Full Analysis: Metric Facility Location Problem

$k$-Median problem: given $n$ clients and $n$ "warehouse" points, metric $d$. Choose $k$ warehouses to minimize the sum of distances from clients to nearest warehouse.

Local Search algorithm (Arya et al., 2001): $(3+\epsilon)$-approximation.

Initial solution: pick $k$ arbitrary warehouses $S$
Improvement: for each swap (one warehouse in $S$ for one outside $S$):
- If the swap decreases cost—make the swap
Stop: if no improving swaps (local optimum)

Guarantee: in local optimum, the algorithm gives $\leq (3+\epsilon) \cdot OPT$. Proof: amortized analysis of swaps. Application: optimal server placement, regional center distribution.

Classification by Guarantees

Approximation algorithms are divided by strength of guarantee:

Constant approximation ($\rho$): $ALG \leq \rho \cdot OPT$ for some fixed $\rho$. For example, Vertex Cover—2-approximation (Bar-Yehuda, 1981).
Logarithmic ($O(\log n)$): Set Cover—$\ln n$-approximation via greedy (Johansson, Lovász, Chvátal).
PTAS (Polynomial-Time Approximation Scheme): for any $\epsilon > 0$ there exists an algorithm with guarantee $(1+\epsilon)$, polynomial in $n$ (but possibly exponential in $1/\epsilon$).
FPTAS (Fully PTAS): polynomial in both $n$ and $1/\epsilon$. Exists for knapsack, does not exist for TSP (if $P \neq NP$).

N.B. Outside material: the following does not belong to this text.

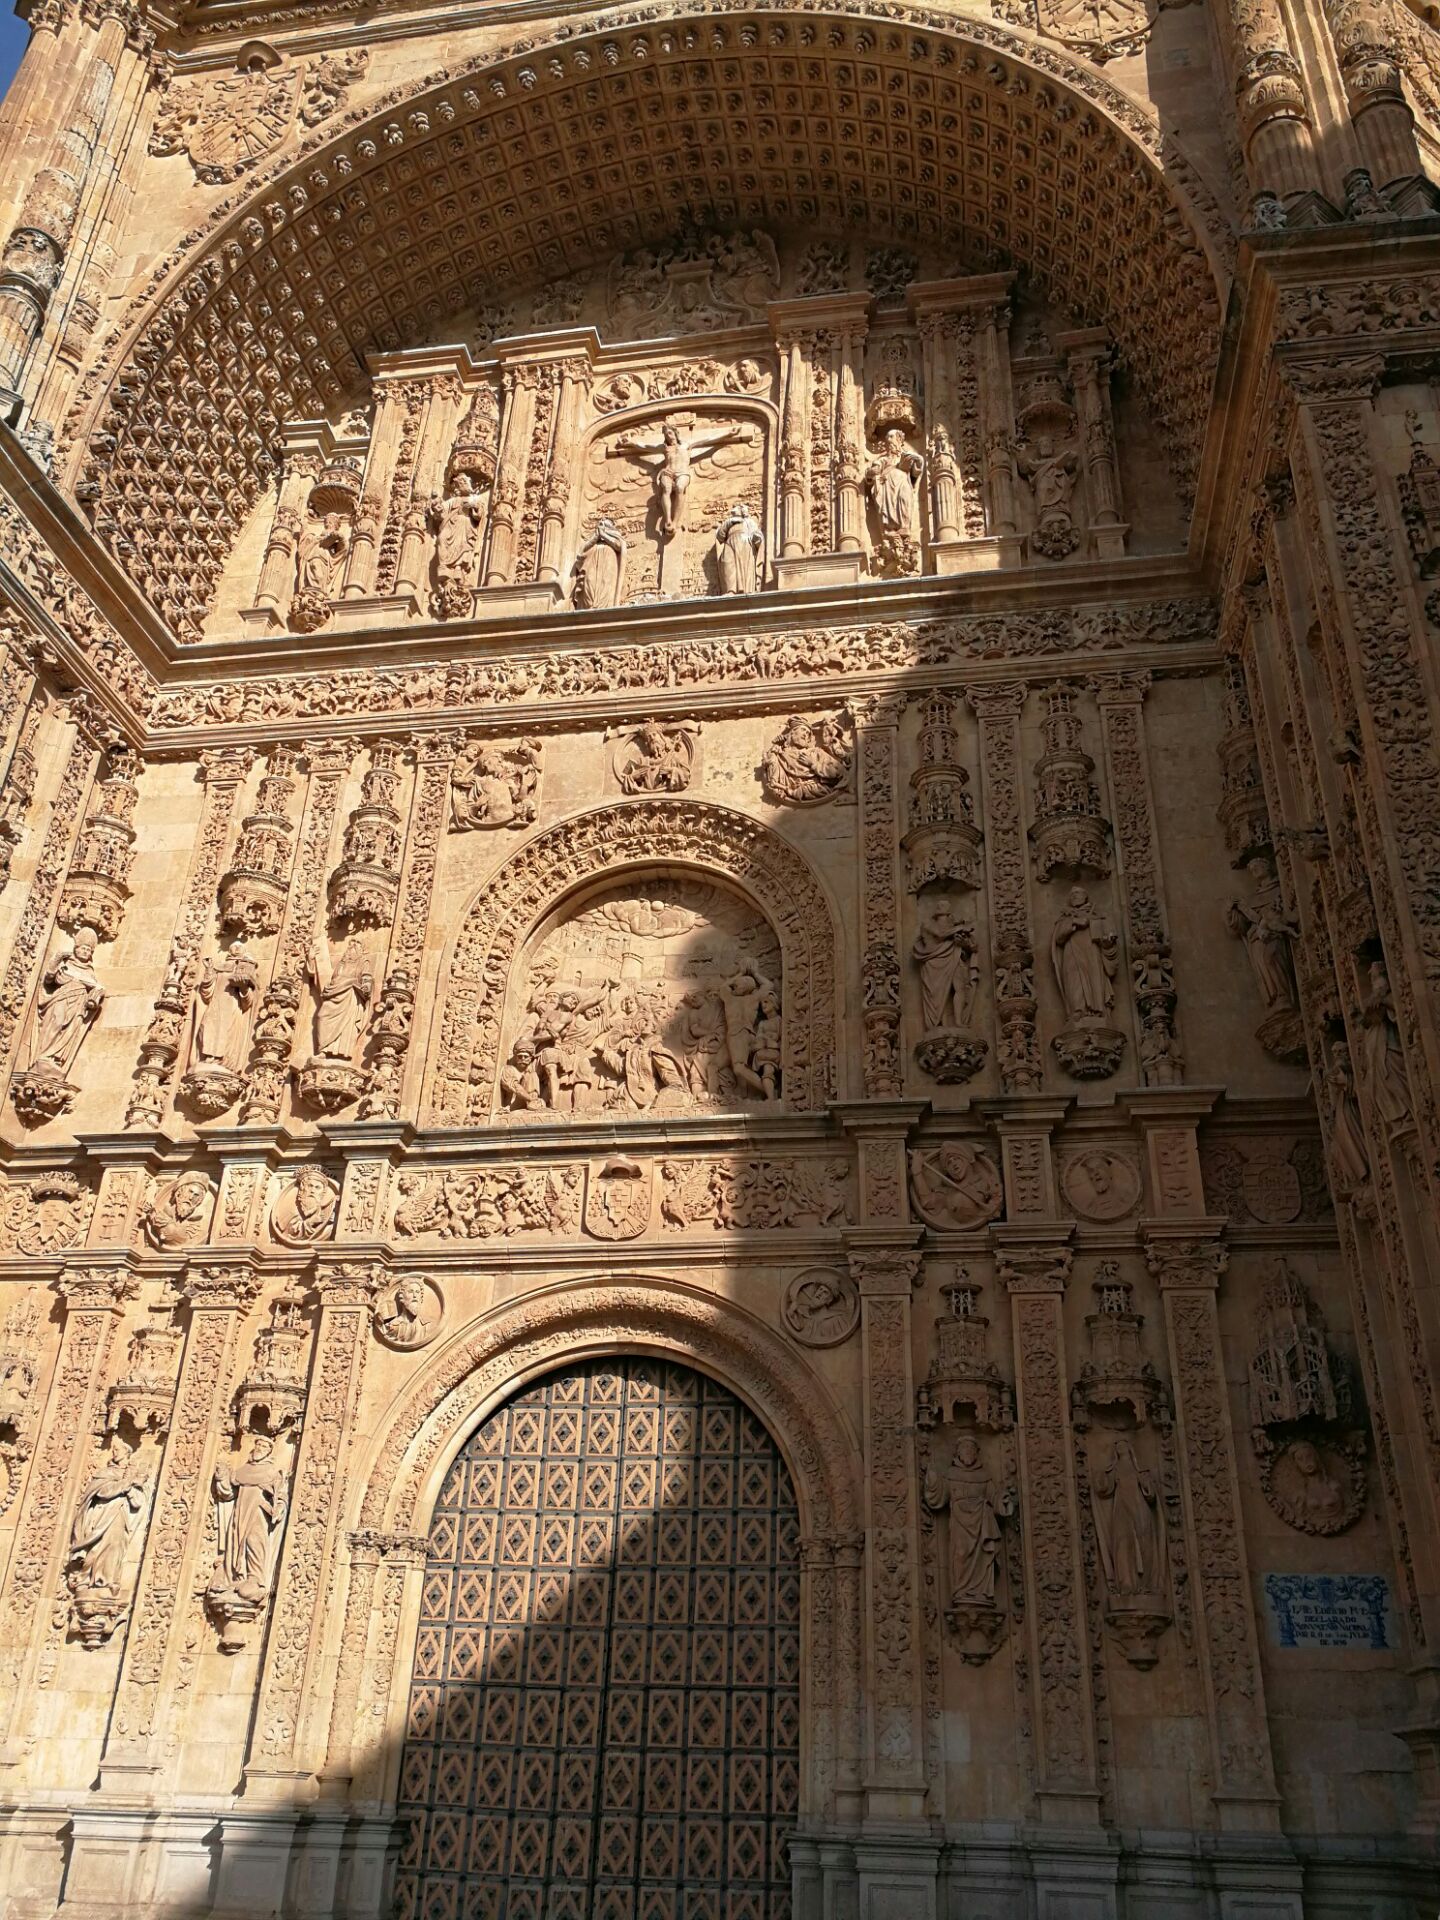 萨拉曼卡大教堂是西班牙最著名的一座教堂，出名是因为在这座教堂的浮雕上有许多神秘的雕像，譬如说宇航员等

Lower Bounds of Approximability

Many problems have proven inapproximability thresholds (assuming $P \neq NP$):

MAX-3SAT: cannot approximate better than $7/8$ (Håstad, 1997)
Vertex Cover: not better than $1.36$ (Dinur-Safra)
Set Cover: not better than $(1-\epsilon)\ln n$ (Feige, Moskovitz)

These results are obtained through the PCP theorem—one of the deepest theorems in complexity theory.

Applications

Approximation algorithms are critical for big data, where even Branch & Bound is too slow: recommender systems ($k$-medoids, $k$-means via 2-approximation), social networks (influence maximization via greedy submodular algorithm with guarantee $1-1/e$), bioinformatics (sequence alignment).